By TIM NICKENS
© St. Petersburg Times, published June 4, 2000
Finally, a pulse.
The battle between state Education Commissioner Tom Gallagher and U.S. Rep. Bill McCollum for the Republican nomination in Florida's sleepy U.S. Senate race popped into public view last week. While the sniping over television ads is predictable, it signals the start of a three-month sprint to the Sept. 5 primary.
Expect a few more elbows, some tripping and a bloody nose or two.
This could be the toughest primary fight Florida has seen in a dozen years. The last one involved the same Senate seat and similar circumstances. Only the positions of the political parties are reversed.
In 1988, Lawton Chiles was retiring from the Senate after 18 years. A long line of fellow Democrats assembled. Buddy MacKay, then a congressman from Ocala, finished second to incumbent Insurance Commissioner Bill Gunter and forced a run-off.
MacKay attacked Gunter's fund-raising tactics and reminded voters about a 1986 FBI investigation into the insurance commissioner's job performance. He held weekly news conferences outside Gunter's Capitol office.
Gunter fired back, criticizing MacKay for voting in favor of freezing the cost-of-living adjustments in Social Security and in favor of selling arms to Saudi Arabia, which Israel opposed.
MacKay defeated Gunter in the run-off and faced a lightly regarded Republican congressman named Connie Mack. In an era when Republican wins were still considered aberrations in Florida, Mack upset MacKay in the state's closest statewide election.
Hit the fast-forward button.
Now it's Mack who is retiring from the Senate. The battle is on the Republican side between Gallagher and McCollum. Insurance Commissioner Bill Nelson waits in the wings as the presumptive Democratic nominee.
Until now, most of the maneuvering has been aimed at raising money and organizing activists behind the scenes. McCollum has raised more than three times as much money, nearly $3.4-million to Gallagher's $1.1-million. The Longwood congressman also has been the more aggressive campaigner in the early going, although Gallagher has been picking up speed.
What has raised eyebrows is McCollum's attack-dog strategy.
He went on television first with a friendly, autobiographical ad aimed at introducing himself to voters. Gallagher's first ad underscored his overall strategy, displaying a grainy, black-and-white U.S. Capitol and portraying himself as a Floridian running against Washington values.
Gallagher's ad did not mention McCollum by name.
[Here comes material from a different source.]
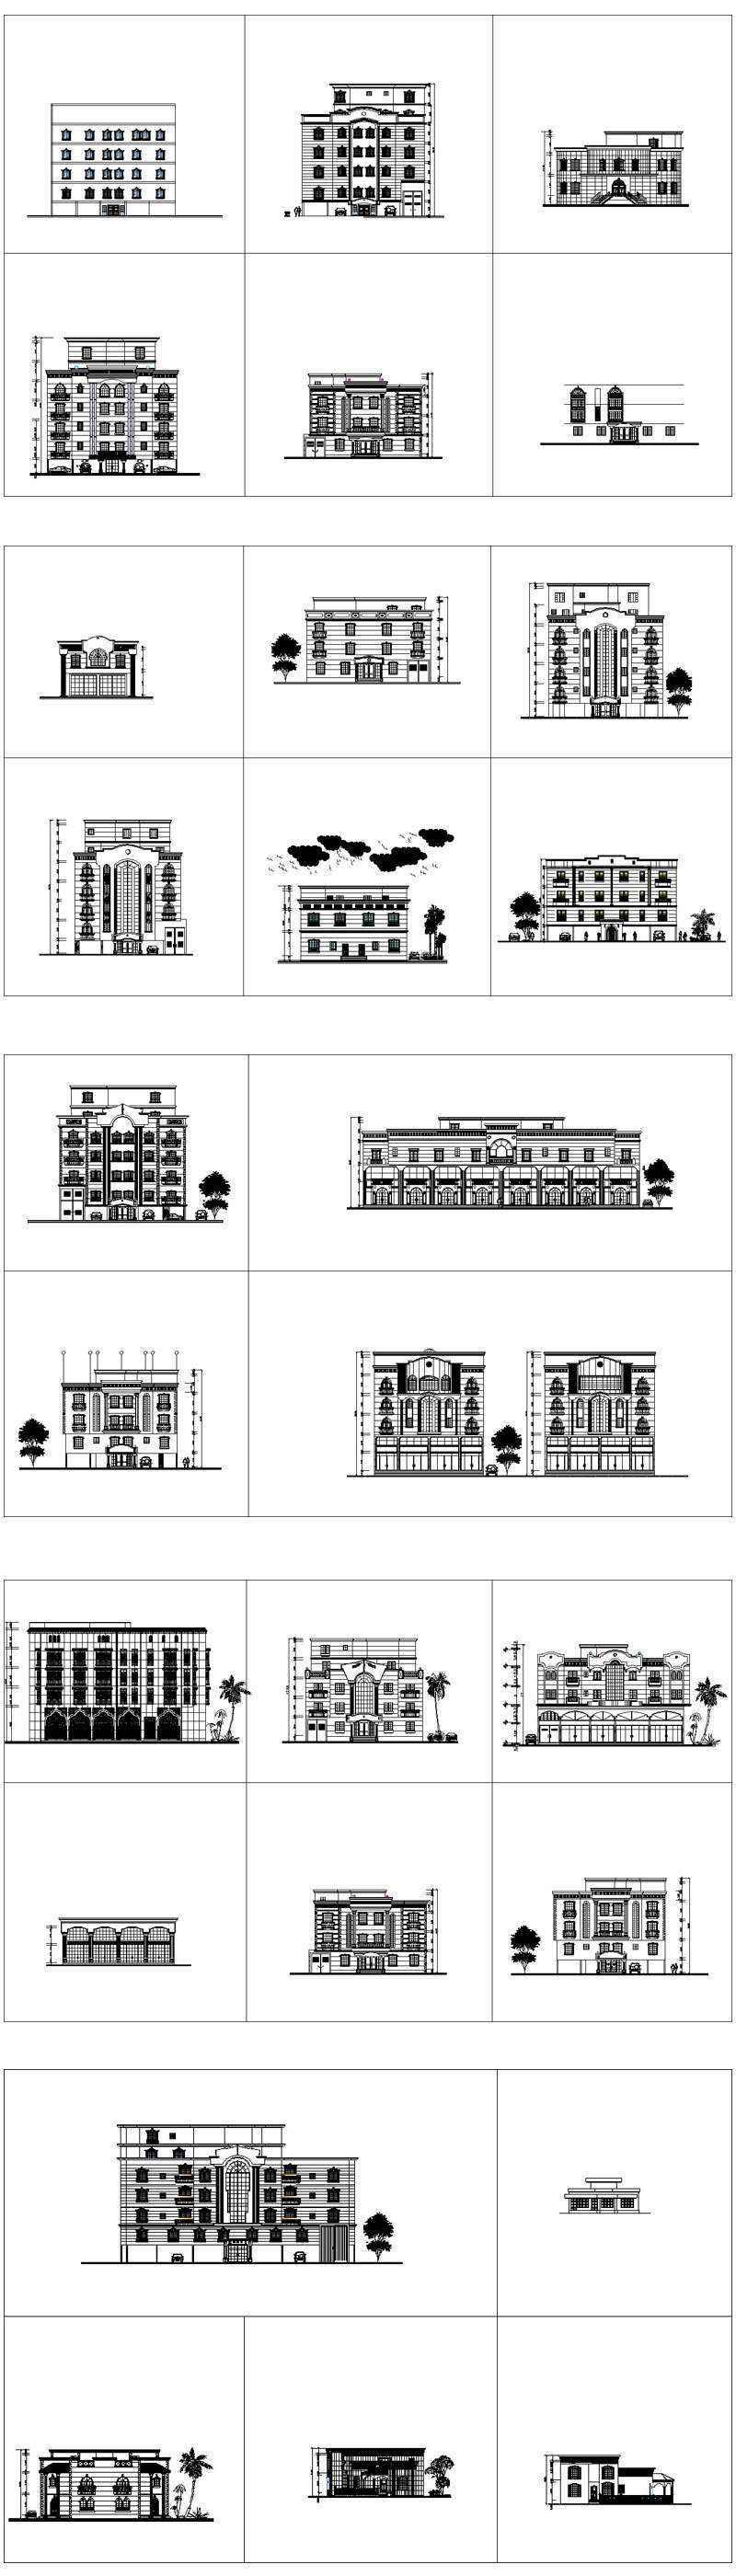 ★【Interior Design CAD Design,Details,Elevation Collection V.2】Residential Building,Living room,Bedroom,Restroom,Decoration@Autocad Blocks,Drawings,CAD Details,Elevation

It did refer to members of Congress who raised their pay while cutting Medicare, two positions endorsed by McCollum.
McCollum responded to this gentle slap with a hand grenade.
Without mentioning his own name, McCollum ripped Gallagher in a new ad for supporting a referendum on a sales tax increase for prisons, suggesting a new federal payroll tax to help pay for long-term care and airing a critical ad against Jeb Bush in the 1994 GOP primary for governor.
"Tom Gallagher. He's Slick. He's Sly. And he tried to raise his taxes," the McCollum ad says.
Interesting choice of words and tactics.
Calling Gallagher "slick" is a not-so-sly attempt to suggest he is like President Clinton, a.k.a. "Slick Willie." McCollum was one of the House managers in the president's impeachment trial.
This is not as direct as John McCain's comparison of George W. Bush to Clinton in the presidential primary, which backfired when Bush reacted with outrage. But it carries similar risks.
While hard-core Republicans likeliest to vote in the primary supported Clinton's impeachment, most Floridians did not. McCollum's efforts to win the primary could hurt him in the general election.
Second, the new McCollum attack ad reaffirms his campaign's efforts to portray Gallagher as a liberal. Good luck making that stick with Republicans who are more familiar with Gallagher, who has run five statewide races, than McCollum, who hasn't run any until now.
But this is cookie-cutter strategy for Arthur Finkelstein, McCollum's campaign consultant. Finkelstein is known nationwide for his slash-and-burn tactics, and his attempt to portray Gallagher as a liberal mirrors Finkelstein's approach in Massachusetts' Republican primary for governor two years ago. His client, former state treasurer Joseph D. Malone, tried to tar Paul Cellucci with the same liberal label.
It's Gov. Cellucci now.
Finkelstein also played a role in bringing Steven C. Roche to the McCollum campaign as its campaign finance director. Roche resigned last week after published reports linked him to a U.S. Securities and Exchange Commission investigation in Massachusetts. Roche had been Malone's campaign finance chairman.
If these are the sorts of contributions Finkelstein is going to make to McCollum's campaign, Gallagher should continue to express public outrage -- and quietly send over a thank-you note.